US 12,012,127 B2
	Top-down view object detection and tracking
Subhasis Das, Menlo Park, CA (US); Benjamin Isaac Zwiebel, Burlingame, CA (US); Kai Yu, Burlingame, CA (US); and James William Vaisey Philbin, Palo Alto, CA (US)
Assigned to Zoox, Inc., Foster City, CA (US)
Filed by Zoox, Inc., Foster City, CA (US)
Filed on Jan. 31, 2020, as Appl. No. 16/779,576.
Claims priority of provisional application 62/926,423, filed on Oct. 26, 2019.
Prior Publication US 2021/0181758 A1, Jun. 17, 2021
This patent is subject to a terminal disclaimer.
Int. Cl.

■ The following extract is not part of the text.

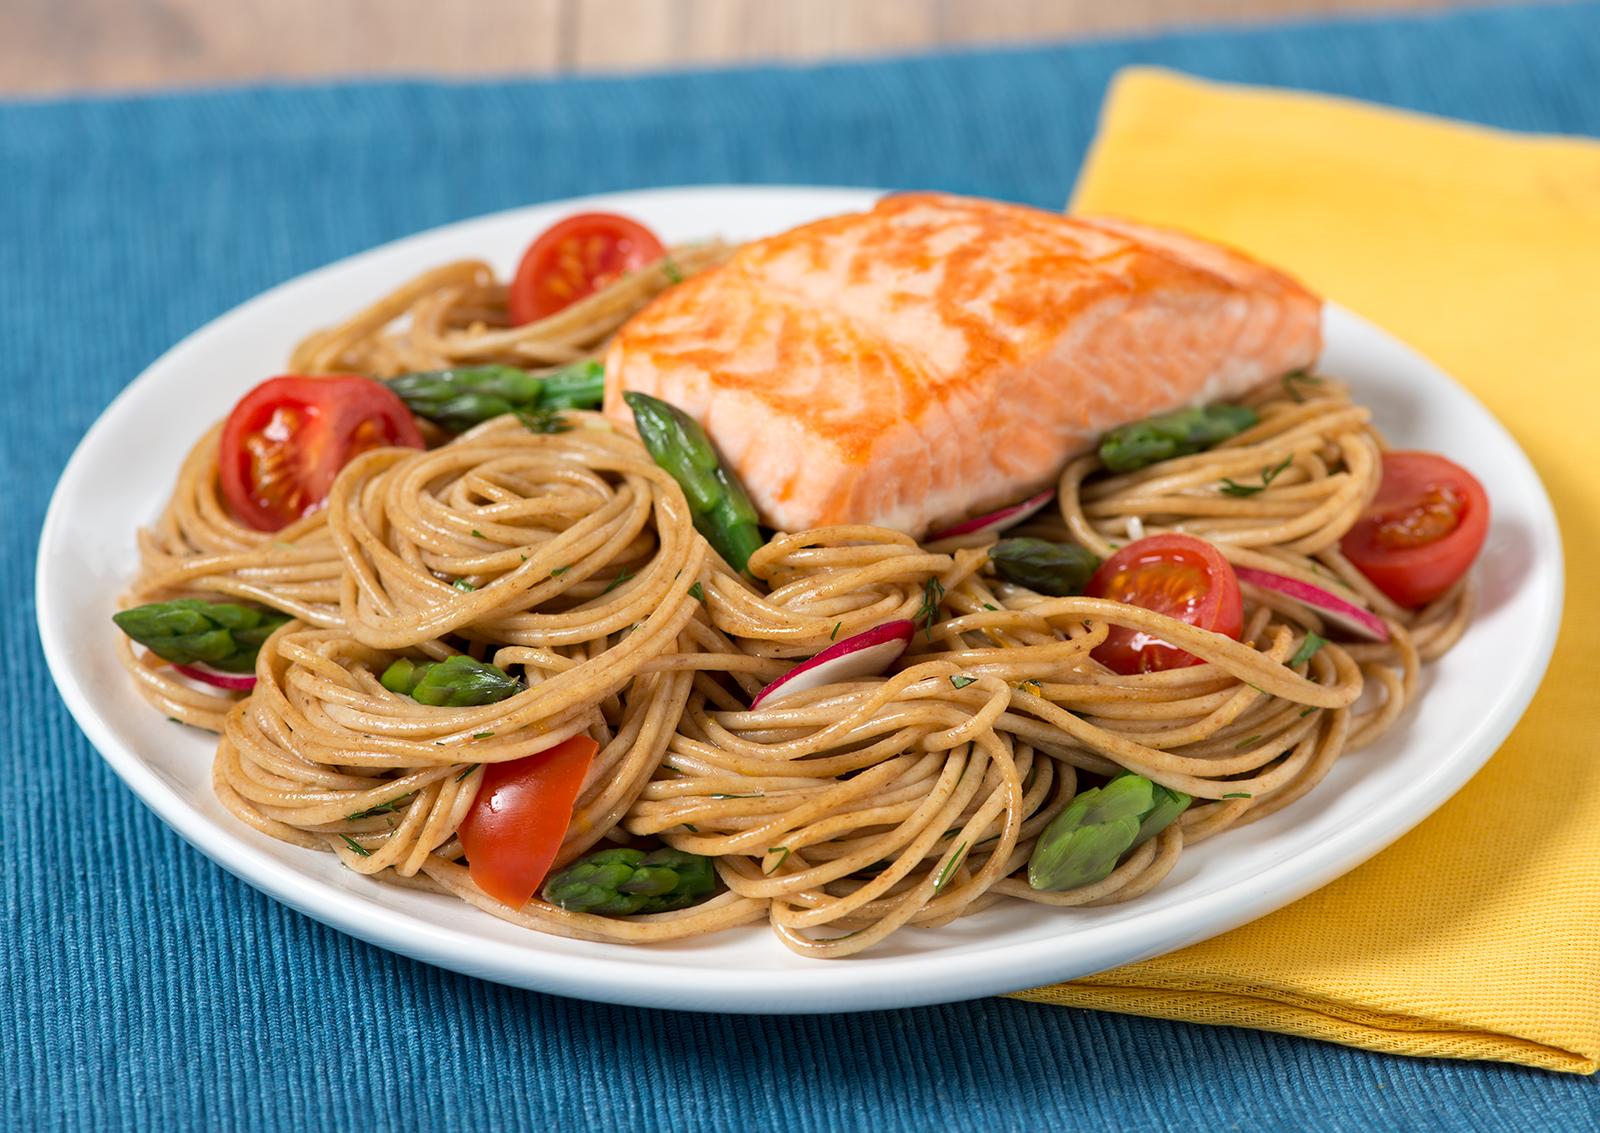 Spaghetti au Saumon avec Asperges et Fines Herbes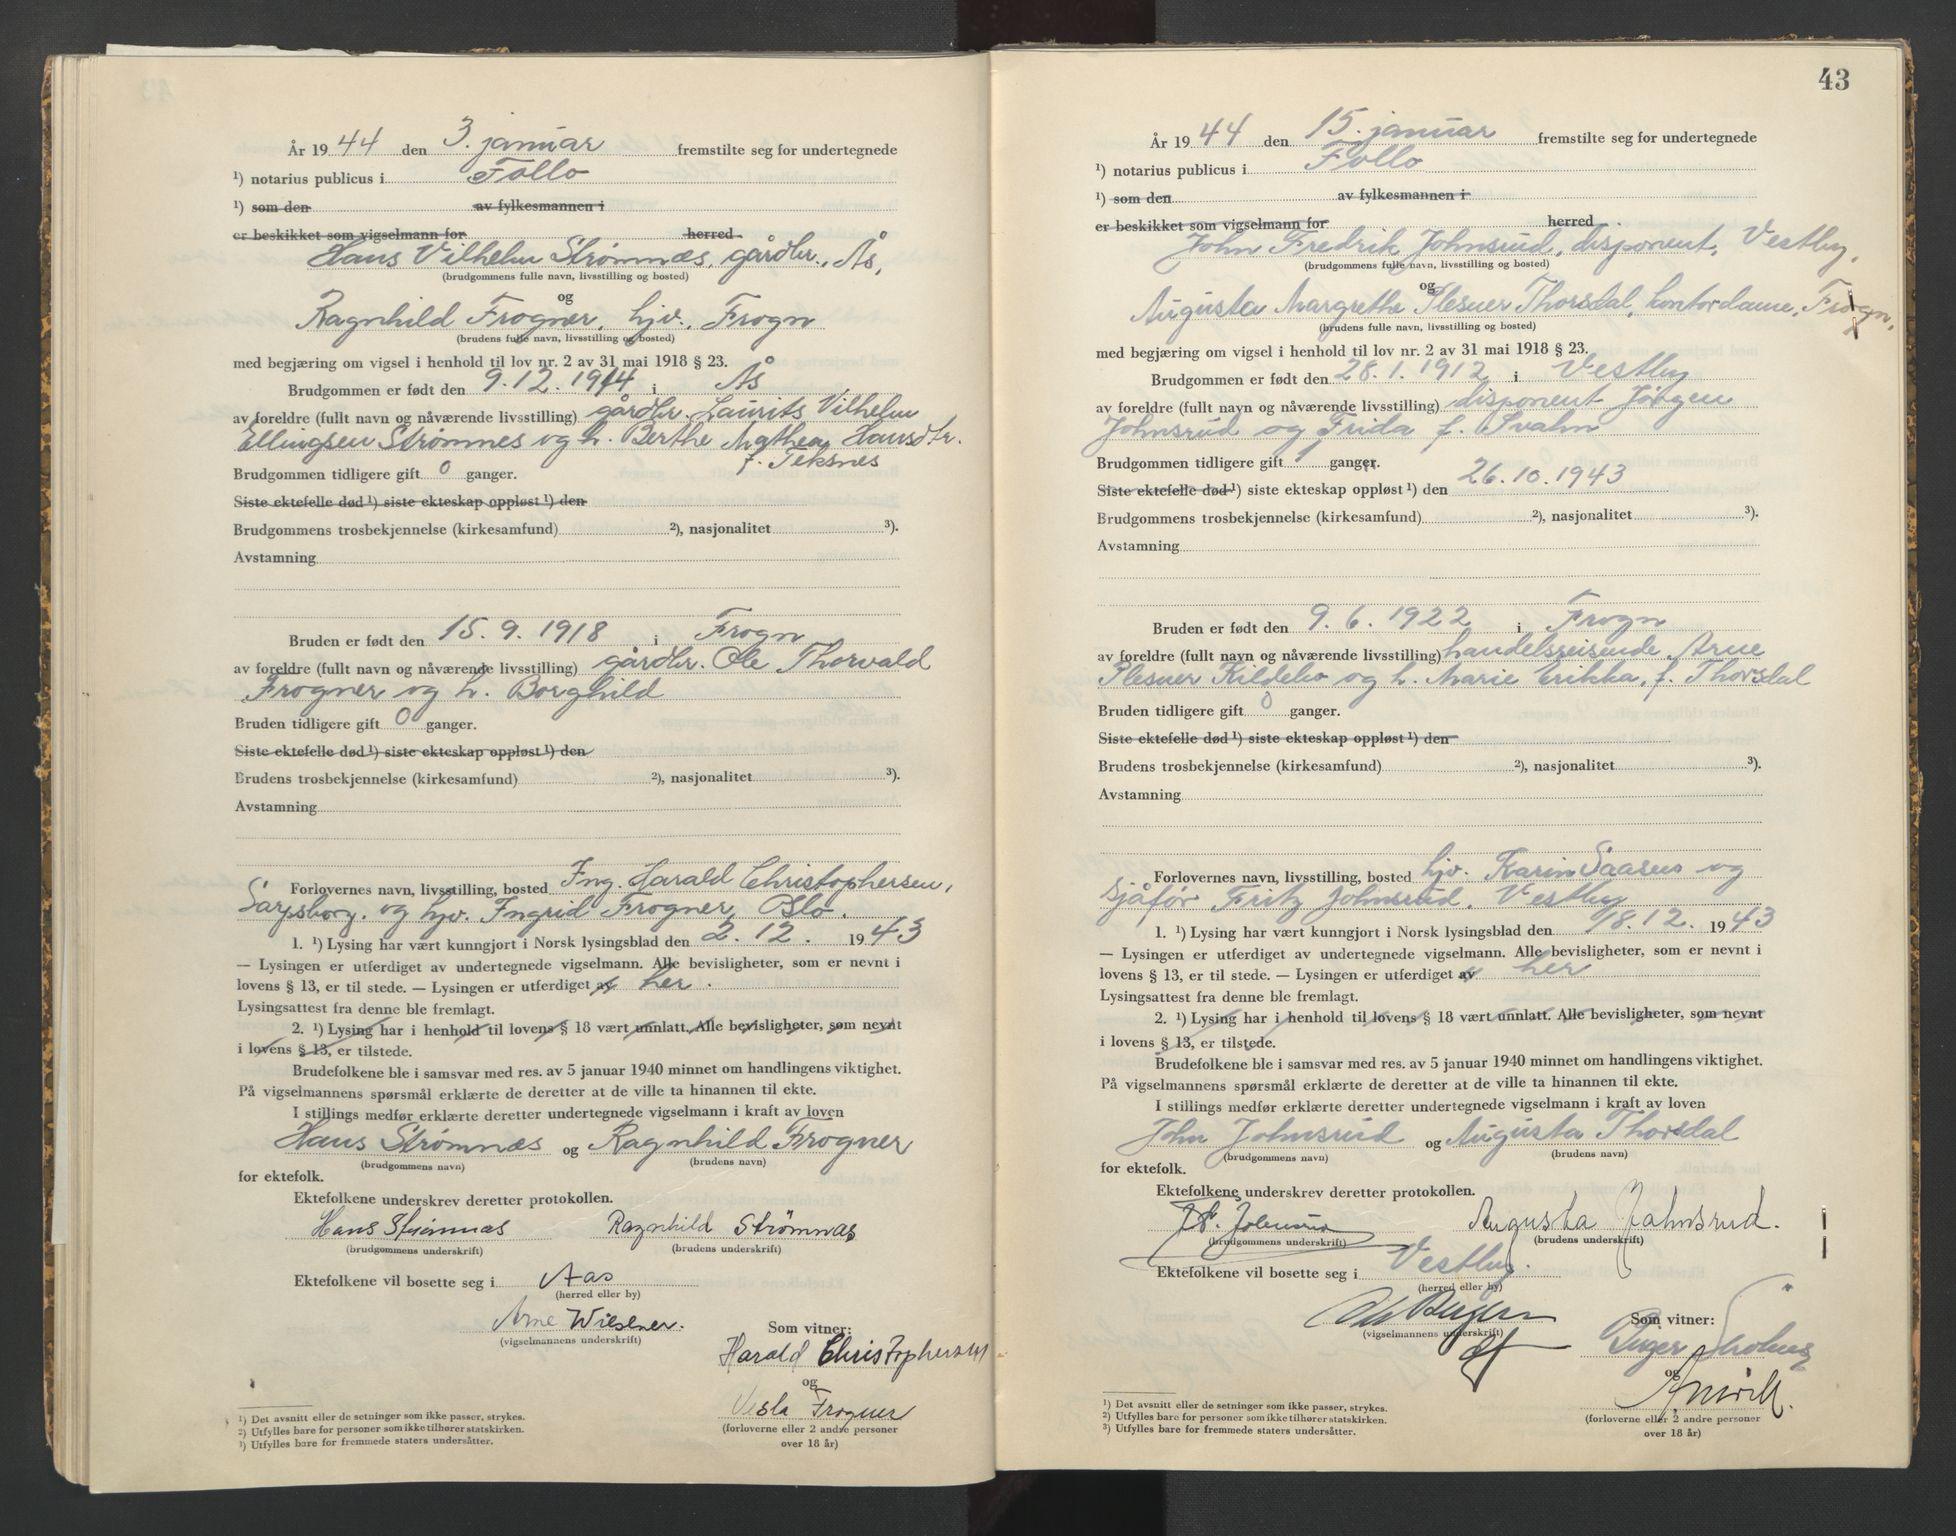 SAO, Follo sorenskriveri, L/La/Lab/L0002: Vigselsbok, 1942-1946, s. 43

B60W 60/00 (2020.01); G01S 13/89 (2006.01); G01S 13/931 (2020.01); G01S 17/89 (2020.01); G01S 17/931 (2020.01); G05D 1/00 (2024.01); G06T 7/215 (2017.01); G06T 7/246 (2017.01); G06T 7/292 (2017.01); G06V 10/25 (2022.01); G06V 10/778 (2022.01); G06V 10/80 (2022.01); G06V 20/56 (2022.01); G06V 30/19 (2022.01); G06V 30/24 (2022.01)

CPC B60W 60/0027 (2020.02) [G01S 13/89 (2013.01); G01S 13/931 (2013.01); G01S 17/89 (2013.01); G01S 17/931 (2020.01); G05D 1/0248 (2013.01); G06T 7/215 (2017.01); G06T 7/251 (2017.01); G06T 7/292 (2017.01); G06V 10/25 (2022.01); G06V 10/778 (2022.01); G06V 10/80 (2022.01); G06V 20/56 (2022.01); G06V 30/19147 (2022.01); G06V 30/19173 (2022.01); G06V 30/1918 (2022.01); G06V 30/2552 (2022.01); G01S 2013/932 (2020.01); G06T 2207/20081 (2013.01); G06T 2207/20084 (2013.01); G06T 2207/30241 (2013.01); G06T 2207/30261 (2013.01)]

19 Claims

9. A system comprising:

one or more processors; and

a memory storing processor-executable instructions that, when executed by the one or more processors, cause the one or more processors to perform operations comprising:

receiving first sensor data and second sensor data;

inputting the first sensor data to a first perception pipeline and inputting the second sensor data to a second perception pipeline;

receiving a first output from the first perception pipeline based at least in part on the first sensor data and a second output from the second perception pipeline, the first output and the second output identifying an object in an environment;

receiving a previous track associated with the object in the environment, the previous track identifying at least one of an estimated previous position of the object, a previous region of interest, or a previous velocity of the object;

inputting the first output, the second output, and at least part of the previous track into a machine-learning (ML) model;

receiving, from the ML model, a data structure comprising a region of interest, object classification, and a pose associated with the object, the pose indicating at least one of a position or a yaw associated with the object;

determining an updated track associated with the object based at least in part on the data structure, a current position, and at least one of the region of interest or the yaw associated with the object; and

updating, based at least in part on the data structure, one or more previous tracks by retiring the one or more previous tracks, wherein retiring the one or more previous tracks comprises indicating that the object associated with the one or more previous tracks has been occluded for a threshold amount of time.